Hello everyone! Another J.P. Morgan Healthcare Conference has come and gone. Overall, it was chaotic but productive for Massive Bio. There were no game changing learning experiences for our core which is precision oncology informatics services, maybe because we live and breathe this space every day. However, the necessity of Massive Bio increases everyday to streamline disparate clinical and genomic information and disparate stakeholders. Precision oncology needs a translator and accelerator more than ever to be mainstream. Massive Bio put precision oncology to “work” — organizes and harmonizes disparate knowledge into clinical utility. In any case, I have summarized our key take-aways from the conference in regards to our space, digital health and AI and overall healthcare. Hope you will find it as an enjoyable read and I am always happy to have a dialogue and attack healthcare issues with like minded people together.
In terms of precision oncology informatics services:
• Still same old...
o Molecular diagnostics labs are working on demonstrating clinical utility of their tests to FDA and CMS. The new CMS memo for "Next Generation Sequencing (NGS) for Medicare Beneficiaries with Advanced Cancer" made this more difficult because CMS is now looking FDA approval and/or strict NIH Genetic Testing Registry (GTR) for reimbursement.
o Commercial payers are trying to figure out which molecular diagnostics test to select and why. They were hoping to act based on CMS’ decision but now CMS seems to throw the ball to FDA.
o Providers are struggling to integrate precision oncology into their workflows and getting reimbursement.
o Clinical Research Organizations (CROs) are struggling to find the right patients for their clinical trials and in addition the complexity of clinical trials and the number of clinical trials are increasing.
o Pharma companies are trying to figure out what to do with the massive information provided by the technology platform companies. They paid handsomely but there is still no biomarker or drug has been invented based on these large data sets.
o Precision oncology technology platform companies ended up cleaning up the legacy EHRs instead of making sense of genomic data.
o Most importantly, patients are getting the same old treatments and same old bills with limited survival.

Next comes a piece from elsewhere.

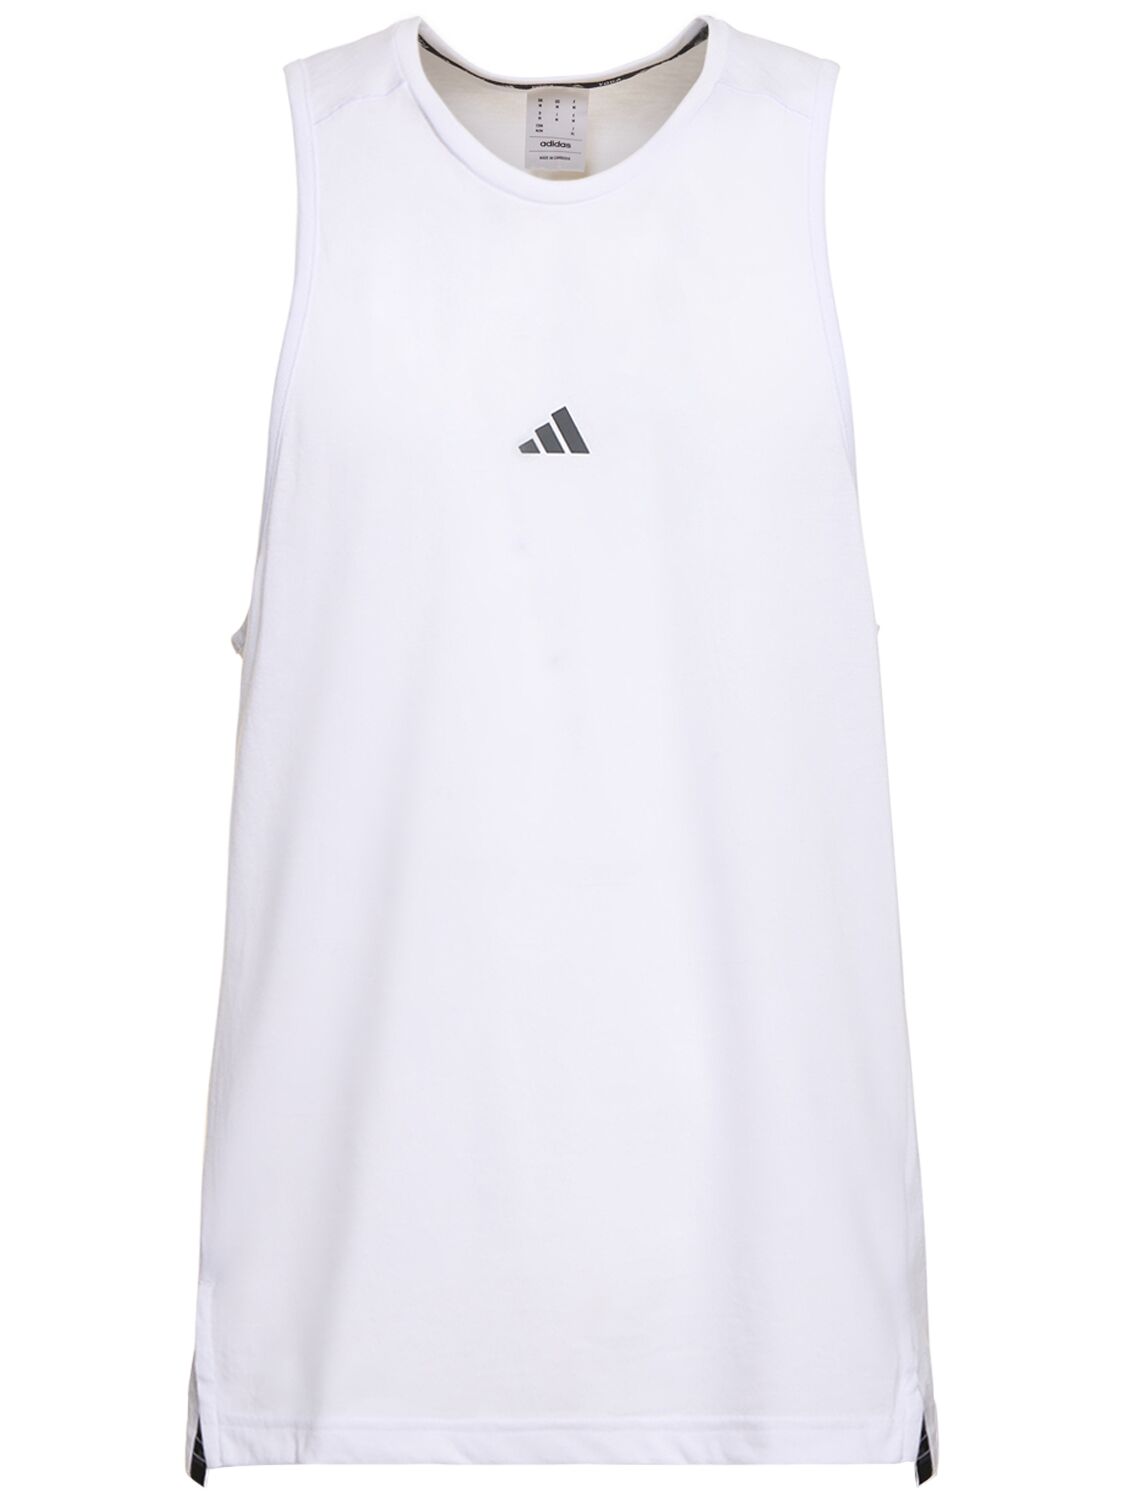 Adidas Originals Yoga Tank Top In White
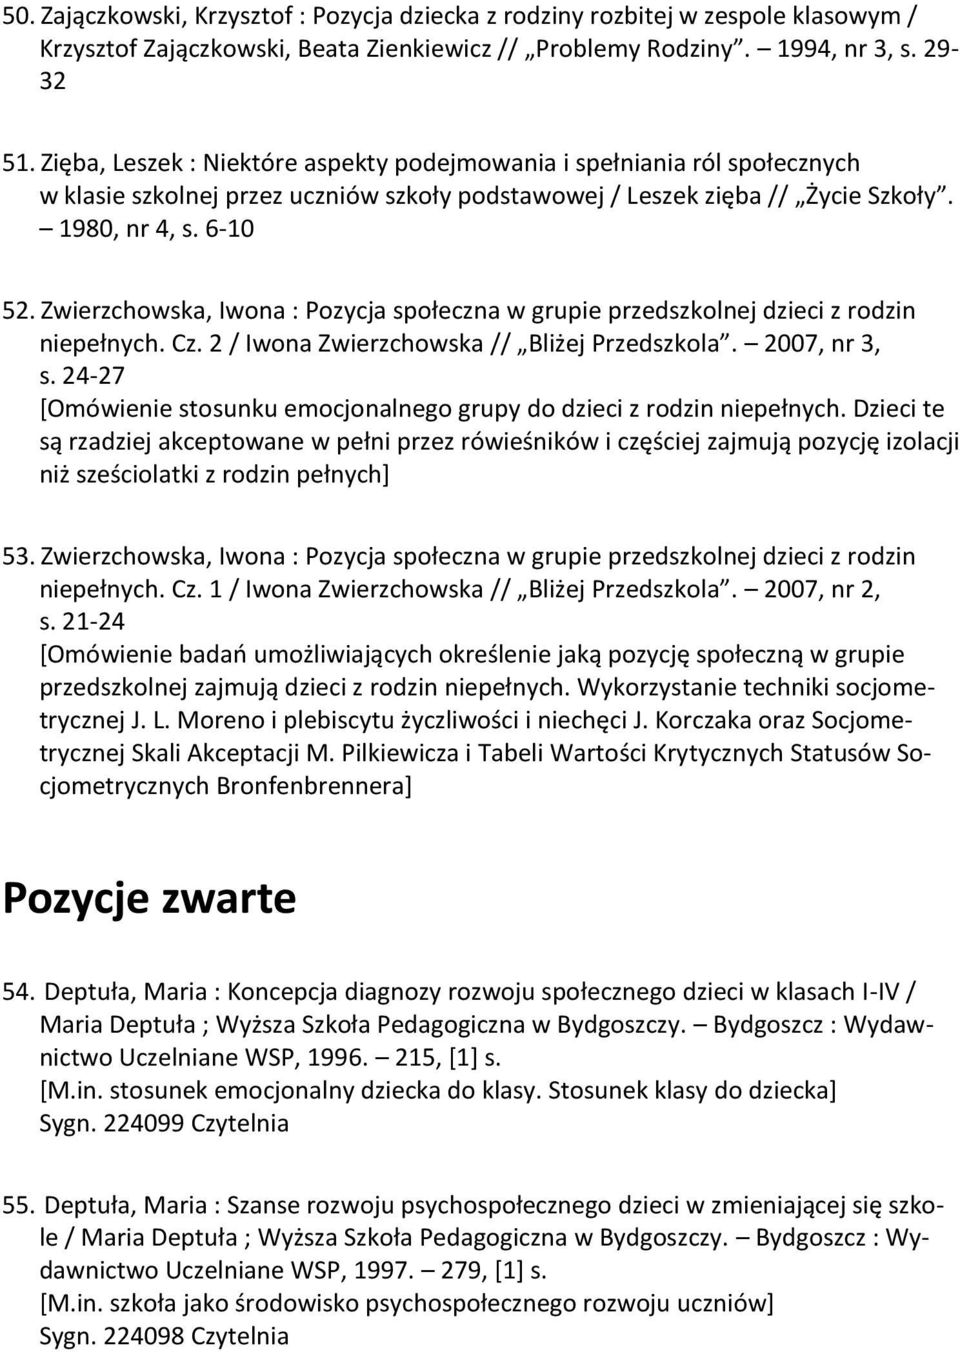 Zwierzchowska, Iwona : Pozycja społeczna w grupie przedszkolnej dzieci z rodzin niepełnych. Cz. 2 / Iwona Zwierzchowska // Bliżej Przedszkola. 2007, nr 3, s.

• Because of disparate information and disparate stakeholders, company like Massive Bio is a "must-have" in this eco-system to put precision oncology to “work”. Massive Bio organizes and harmonizes disparate knowledge into clinical utility.
In terms of digital health and AI:
• 95% of the applications are still "nice-to-have” although all of them have been developed with good intentions.
• Mental health is the fashion of this year, but the value is fairly uncertain.
• Premier VCs are hugging their portfolio company CEOs and trying to make other people believe that they invested in a rocket ship. Ironically, Practice Fusion, a start-up in the crowded electronic medical records market, was acquired on Jan 8 2018 for $100 million, two years after bankers were expecting to take the company public at a $1.5 billion valuation. Fueled by funding from powerful venture capital firms like Peter Thiel’s Founders Fund and Kleiner Perkins Caufield & Byers, Practice Fusion raised more than $157 million on the promise of developing medical records software that smaller practices could use for free. Don’t get me wrong, I love Practice Fusion and I continue to believe that they are an important part of the cloud-based EHR eco-system, but premier VCs, coupled with “distinguished” investment bankers, made up the $1.5 billion until Allscripts woke them up.
• Andy Slavitt, who served as the acting administrator of the CMS under the Obama Administration, says "When it comes to AI, it is the best of times, worst of times story”. Slavitt noted using AI to uncover fraud, waste, and abuse in healthcare would be a “slam dunk” but the complex issue of drilling down and addressing what drives healthcare costs is where the core need is. AI needs to lower its ambitions and focus on what is doable with greatest value.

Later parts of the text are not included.